Data documentation provides information about the context of our data, our digital archival content. It is often provided in a textual or other human-readable form. Data documentation in fact supplements metadata and provides information that enables others to use the archival content. For example, if we conduct a survey of victims and are preserving their filled-in questionnaires as our digital archival data, we should also preserve related data documentation (e.g., a document detailing the survey design and methodology). Given that data documentation is also “data about data,” it could also be seen as a specific type of metadata, one which provides context and is recorded in human-friendly format.

Preparing Metadata and Data Documentation

While our digital files are safely stored and backed up on storage media awaiting ingest and archiving in the digital information system, we need to turn our attention to some housekeeping duties. They involve preparing our metadata and data documentation for the upcoming process to ensure the smooth ingest and proper archiving of files.

This involves having a clear and well-organized record of data documentation and metadata thus far in the process—what they contain and how they relate to one another. This includes tables/databases with lists (or directories) of file names, the files’ metadata, and data documentation. Throughout previous chapters, we described how these documents are developed or generated through planning, inventory creation, review, selection, organization, description, and digitization of material. As a result, at this point in the process, we should have the following metadata and data documentation created:

A) This document started its life as Identification Inventory and then, through processes of organization and description, grew into the Table of Archive’s Structure.
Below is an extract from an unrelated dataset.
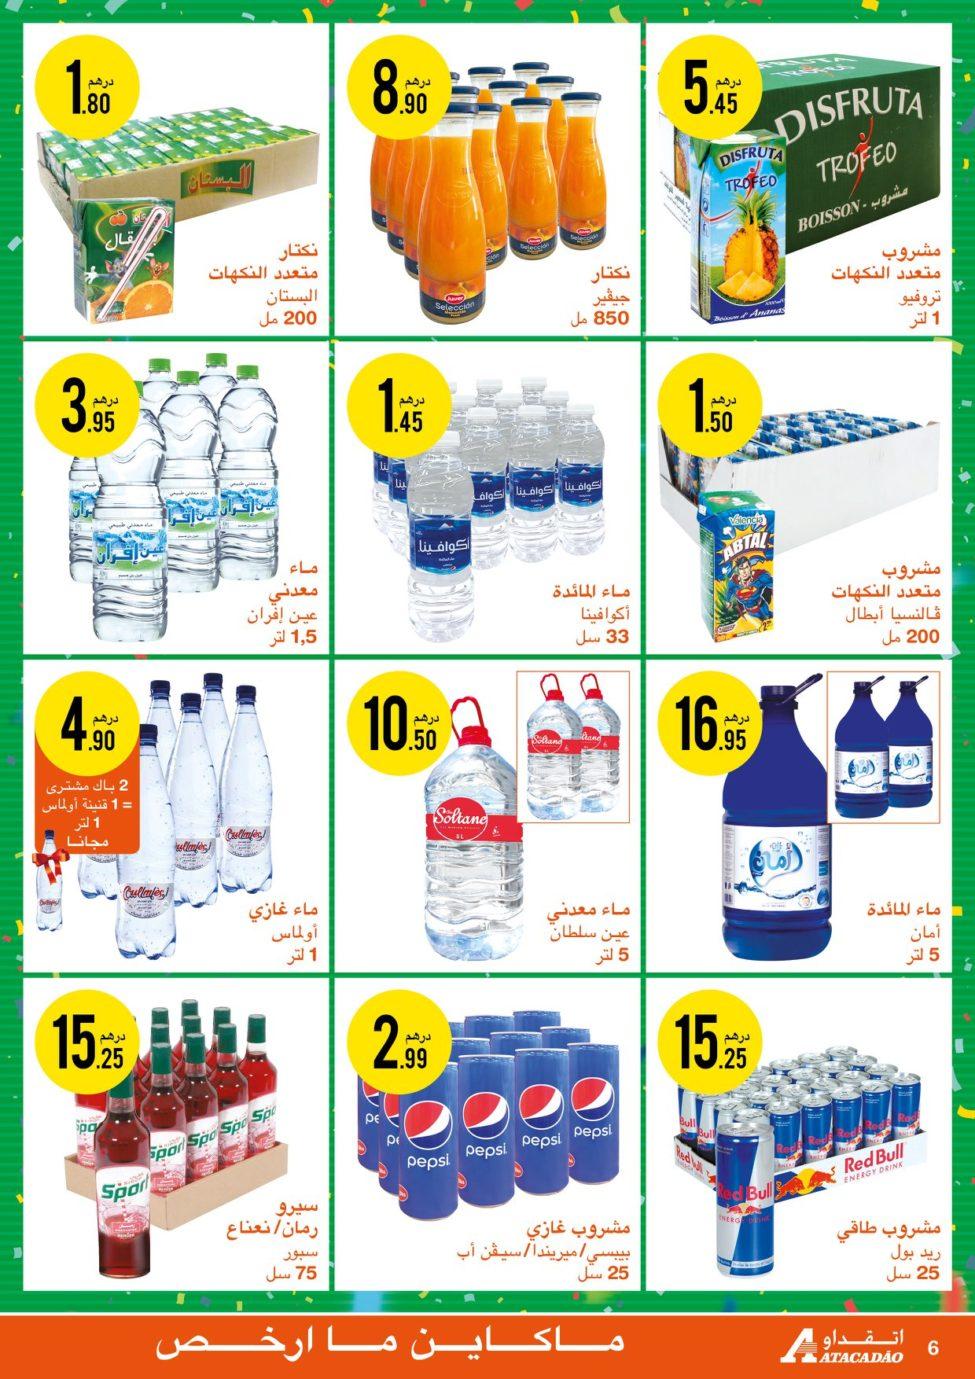 Catalogue Atacadao Maroc du 6 au 26 Juin 2019

It contains metadata on the archive’s structure, grouping of files in series, subseries, and folders, and additional descriptive and technical metadata we selected to put into it.

B) As a result of the digitization process, we have produced databases in which we recorded each digital surrogate we produced and the selected metadata about it.

Further, digitizing equipment and software also generated additional databases with metadata we selected to capture technical attributes of the digital surrogates and/or history of actions on them throughout the digitization process.

Finally, we also might have produced text documents containing data documentation, information about the context of the digital surrogates we created, or the digitization process itself. This will allow others to understand how our data can be interpreted or used.

C) A database of born-digital files for preservation with their basic metadata will either already exist or be easily created using simple software tools such as “DROID” or “IngestList.”

D) There might be additional pre-existing tables/databases or text files containing metadata and/or data documentation about certain item groups or the entire collection.

In order for our digital content, metadata, and data documentation to be properly ingested into the Digital Archiving System, we need to provide the system software with instructions on what these documents are and how they relate to each other. In this way, the system can, for example, correctly attach metadata in one database to the items metadata describes that are listed in a different database, and then to data documentation providing information about the given items’ context.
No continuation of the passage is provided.